- Born: 26 September 1875
- Died: 19 January 1952 (aged 77)
- Occupations: Barrister and colonial judge
- Years active: 1898–1937

= Samuel Joyce Thomas =

British barrister, colonial judge and politician (1875-1952)

Sir Samuel Joyce Thomas (26 September 1875 – 19 January 1952) was a British barrister, colonial judge and politician who served as the Chief Justice of the Federated Malay States between 1933 and 1937.

== Early life and education ==
Son of Edmund Thomas, barrister, Samuel Joyce Thomas was born on 26 September 1875. He was educated at King's College, London and after gaining several academic distinctions was called to the Bar, Middle Temple in 1898.

== Career ==
From 1906 to 1916, Thomas was Chairman of Tatsfield Parish Council. In 1910, he contested Stoke-on-Trent as a Unionist candidate. From 1915 to 1919, he was a member of London County Council. He practised as a barrister on the Oxford circuit. His career was interrupted in 1915 when he enlisted, and later commissioned, in the Royal Garrison Artillery of the Army Service Corps. He served in the First World War in France, Flanders and Italy before he was invalided out in 1919.

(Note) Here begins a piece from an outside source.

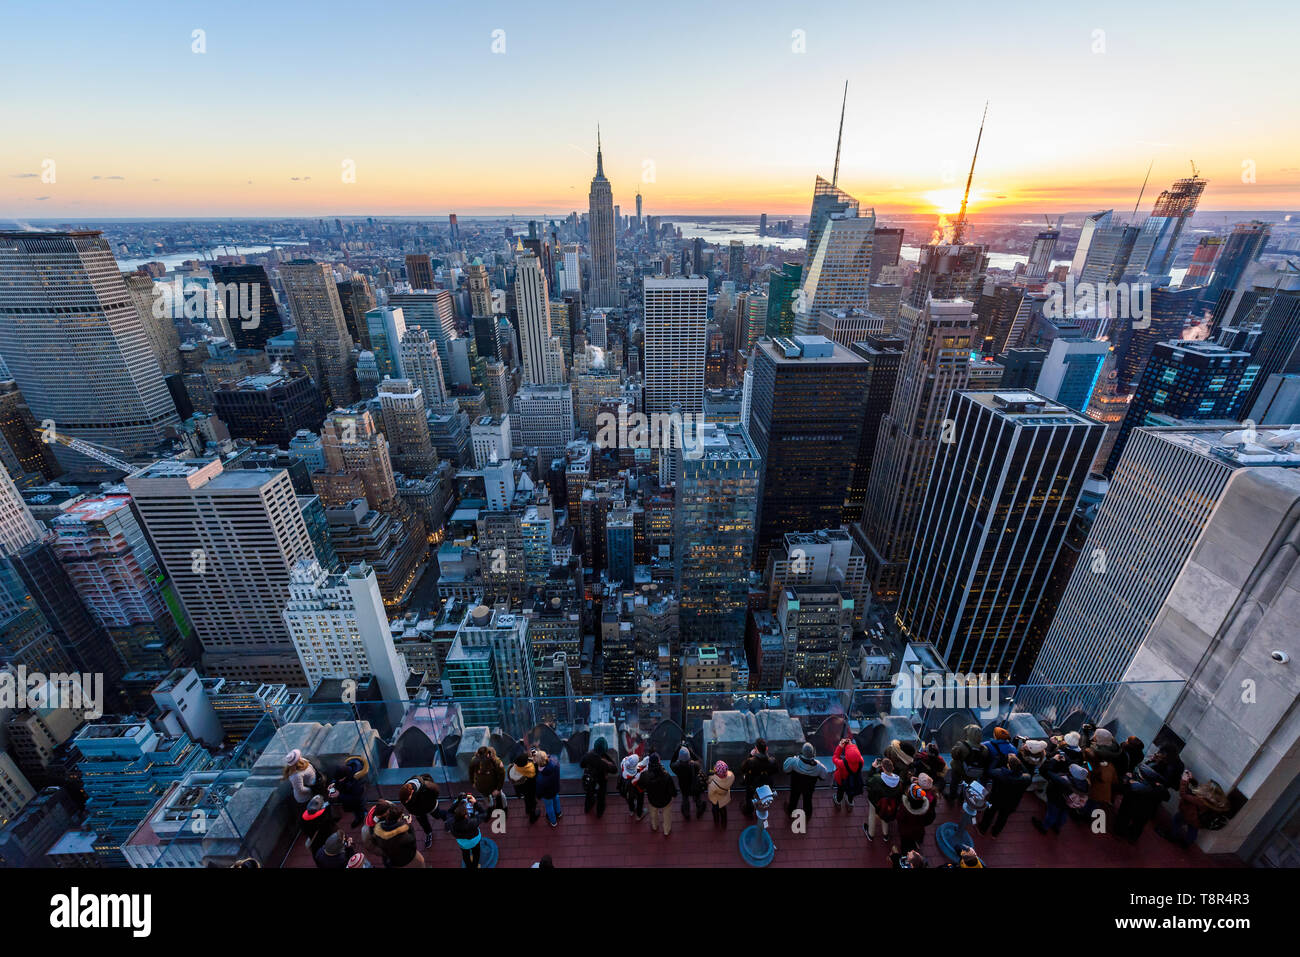 Panorama di Midtown skyline di Manhattan con l' Empire State Building dal Rockefeller Center Observation Deck. Parte superiore del Rock - New York Cit Foto Stock

In 1919, he was appointed Chief Justice of St. Vincent. In 1923, he was appointed Second Puisne Judge of Trinidad and Tobago, and in 1929, was a Puisne Judge in Kenya. In 1933, he was appointed Chief Justice of the Federated Malay States and remained in office until his retirement in 1937.

Thomas died in Trinidad on 19 January 1952.

== Honours ==
In 1935, Thomas received a knighthood in the New Year's Honours list.